[`flake8-pyi`] Implement `PYI059` (`generic-not-last-base-class`) #11233

tusharsadhwani · 2024-05-01T18:24:10Z

Summary

Implements Y059 from flake8-pyi: typing.Generic[] should be the last base in a class' bases list.

If Multiple Generic[] classes are found, we don't generate a fix for it.

Test Plan

cargo test and cargo insta review.

tusharsadhwani · 2024-05-01T18:26:31Z

Is it okay to add the autofix in the same PR?

zanieb · 2024-05-01T18:28:12Z

Just wondering, what happens if a class has two Generic[] bases?

zanieb · 2024-05-01T18:28:22Z

Is it okay to add the autofix in the same PR?

Yep!

tusharsadhwani · 2024-05-01T18:29:38Z

what happens if a class has two Generic[] bases?

It's a runtime error:

>>> import typing
>>> T = typing.TypeVar('T')
>>> U = typing.TypeVar('U')
>>> class C(typing.Generic[T], typing.Generic[U]):
...   ...
...
Traceback (most recent call last):
  File "<stdin>", line 1, in <module>
  File "/opt/homebrew/Cellar/python@3.12/3.12.2_1/Frameworks/Python.framework/Versions/3.12/lib/python3.12/typing.py", line 1102, in _generic_init_subclass
    raise TypeError(
TypeError: Cannot inherit from Generic[...] multiple times.

zanieb · 2024-05-01T18:34:57Z

Good to know.
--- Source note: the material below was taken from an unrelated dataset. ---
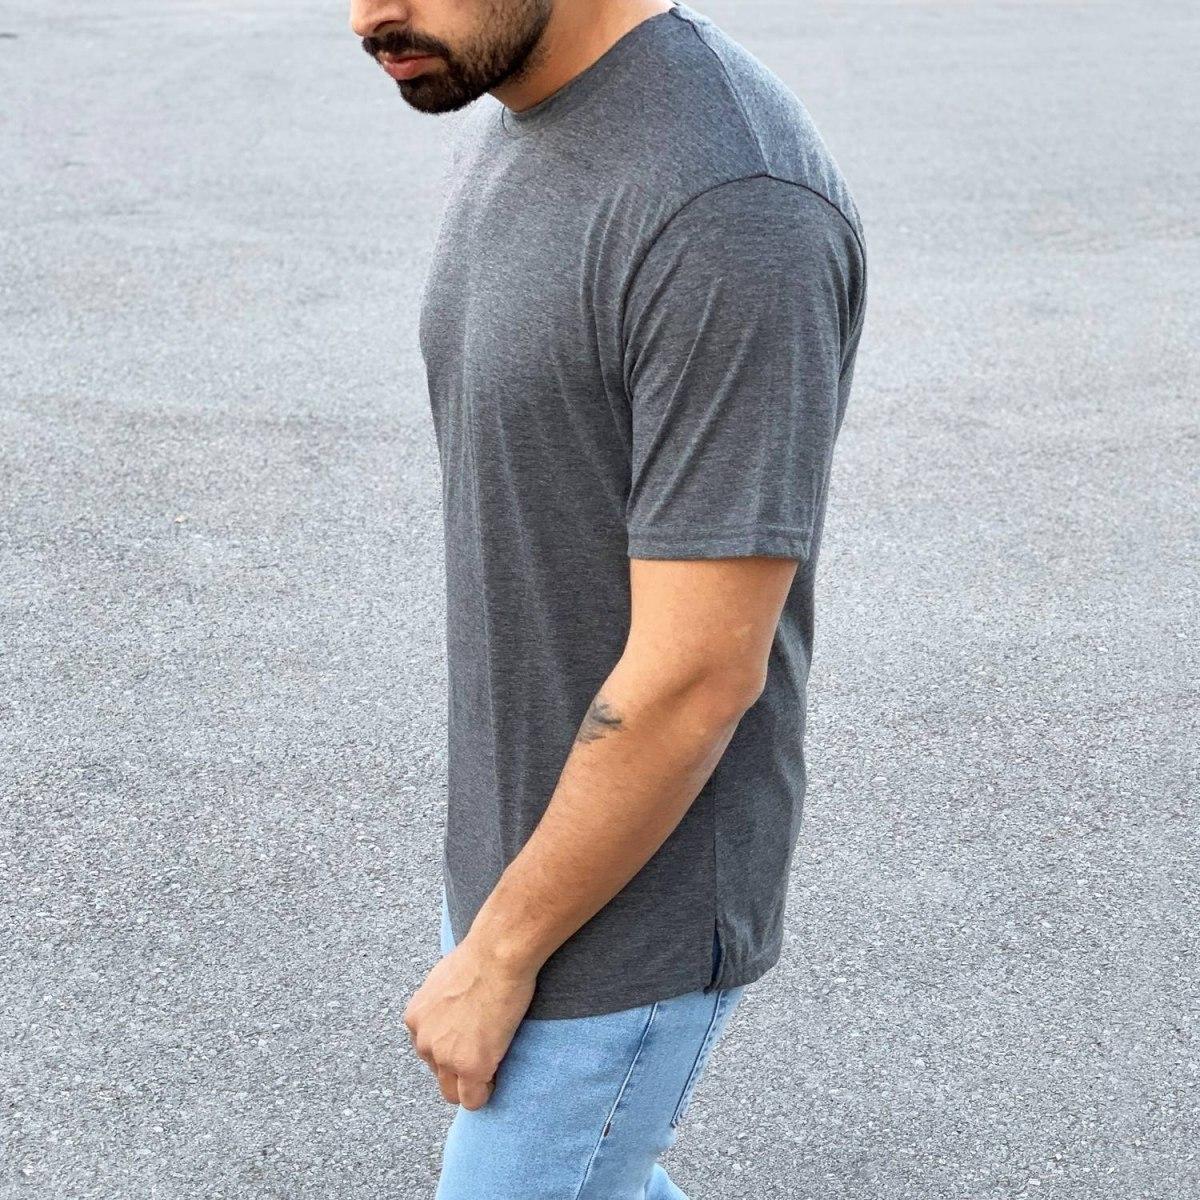 Men's Basic Round Neck T-Shirt In New Gray Mv Premium Brand - 1

We should make sure the rule doesn't behave poorly on that case regardless, i.e. it could cause an infinite fix loop.

github-actions · 2024-05-01T18:37:46Z

`ruff-ecosystem` results

Linter (stable)

✅ ecosystem check detected no linter changes.

Linter (preview)

ℹ️ ecosystem check detected linter changes. (+2 -0 violations, +0 -0 fixes in 1 projects; 43 projects unchanged)

rotki/rotki (+2 -0 violations, +0 -0 fixes)
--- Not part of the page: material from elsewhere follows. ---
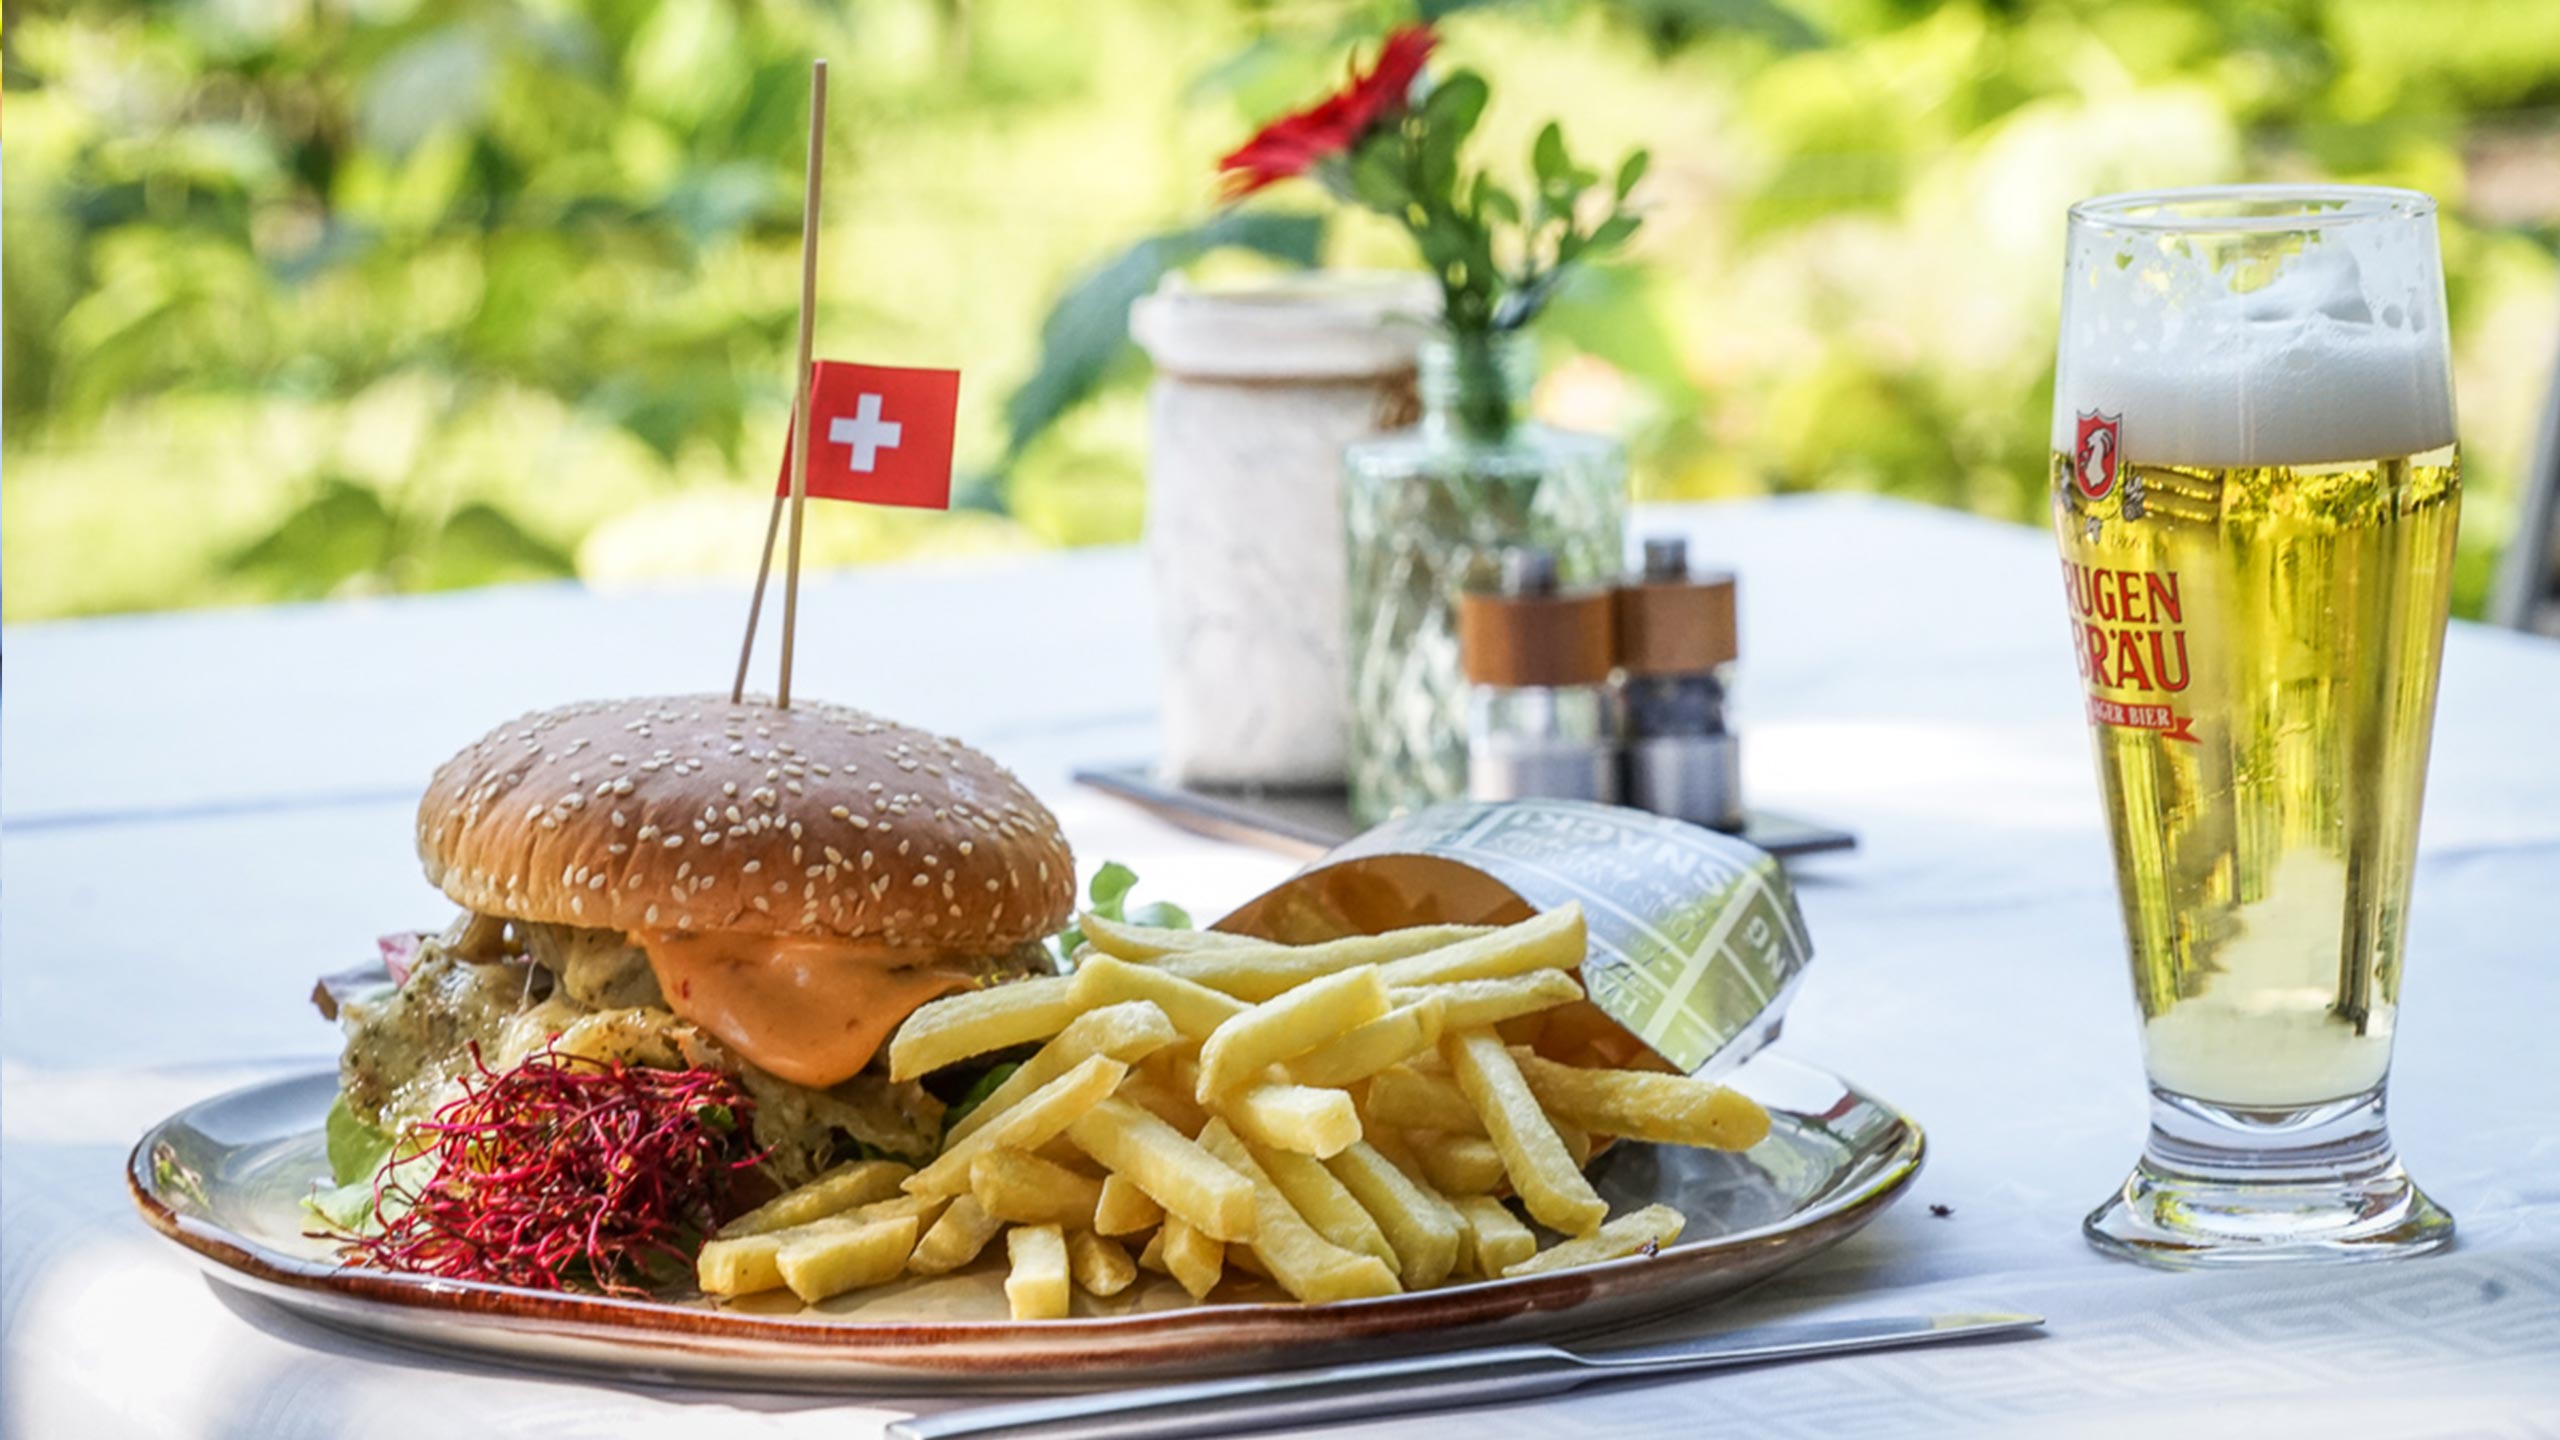 edelweiss-restaurant-wilderswil-burger-pommes-bier.jpg

ruff check --no-cache --exit-zero --ignore RUF9 --output-format concise --preview

+ rotkehlchen/db/filtering.py:577:25: PYI059 [*] `Generic[]` should always be the last base class
+ rotkehlchen/types.py:977:34: PYI059 [*] `Generic[]` should always be the last base class

Changes by rule (1 rules affected)

code	total	+ violation	- violation	+ fix	- fix
PYI059	2	2	0	0	0

tusharsadhwani · 2024-05-01T18:39:13Z

We should make sure the rule doesn't behave poorly on that case regardless

Should multiple Generic[] case not raise the issue at all then?

AlexWaygood

Nice, thank you! Overall this looks good. Left some inline comments below :-)

crates/ruff_linter/src/rules/flake8_pyi/rules/generic_not_last_base_class.rs

Co-authored-by: Alex Waygood <Alex.Waygood@Gmail.com>

AlexWaygood · 2024-05-03T11:12:47Z

Should multiple Generic[] case not raise the issue at all then?

I'd say probably not. The behaviour we implemented at flake8-pyi is to ignore this rule if Generic[] appeared multiple times in the bases tuple, and I think it makes sense to do the same thing here. If you have something like class Foo(int, Generic[T], Generic[S]): pass, I think it's honestly just confusing for a user if they get a message about Generic[] "not being the last base class". There's a much more significant issue in their code (you can't have more than one Generic[] in the bases tuple), and if they solve the more significant issue, then Generic[] not being the last base class would be naturally solved as a side effect of that.

(We shouldn't flag multiple Generic[]s in this check; that could possibly be a separate check.)

crates/ruff_linter/src/rules/flake8_pyi/rules/generic_not_last_base_class.rs

.../src/rules/flake8_pyi/snapshots/ruff_linter__rules__flake8_pyi__tests__PYI059_PYI059.py.snap

crates/ruff_linter/src/rules/flake8_pyi/rules/generic_not_last_base_class.rs

AlexWaygood · 2024-05-03T11:48:47Z

crates/ruff_linter/src/rules/flake8_pyi/rules/generic_not_last_base_class.rs

+fn generate_fix(bases: &Arguments, generic_base_index: usize, locator: &Locator) -> Fix {
+    let last_base = bases.args.last().expect("Last base should always exist");
+    let generic_base = bases
+        .args
+        .get(generic_base_index)
+        .expect("Generic base should always exist");
+    let next_base = bases
+        .args
+        .get(generic_base_index + 1)
+        .expect("Generic base should never be the last base during auto-fix");
+
+    let deletion = Edit::deletion(generic_base.start(), next_base.start());
+    let insertion = Edit::insertion(
+        format!(", {}", locator.slice(generic_base.range())),
+        last_base.end(),
+    );
+    Fix::safe_edits(insertion, [deletion])
+}


what happens for pathological cases like

class Foo( # comment about the bracket # Part 1 of multiline comment 1 # Part 2 of multiline comment 1 Generic[T] # comment about Generic[T] # another comment? , # comment about the comma? # part 1 of multiline comment 2 # part 2 of multiline comment 2 int, # comment about int # yet another comment? ): # and another one for good measure pass

It will technically work, but comments before int and after Generic[T] get eaten up. That is fixable, but the fix is subjective.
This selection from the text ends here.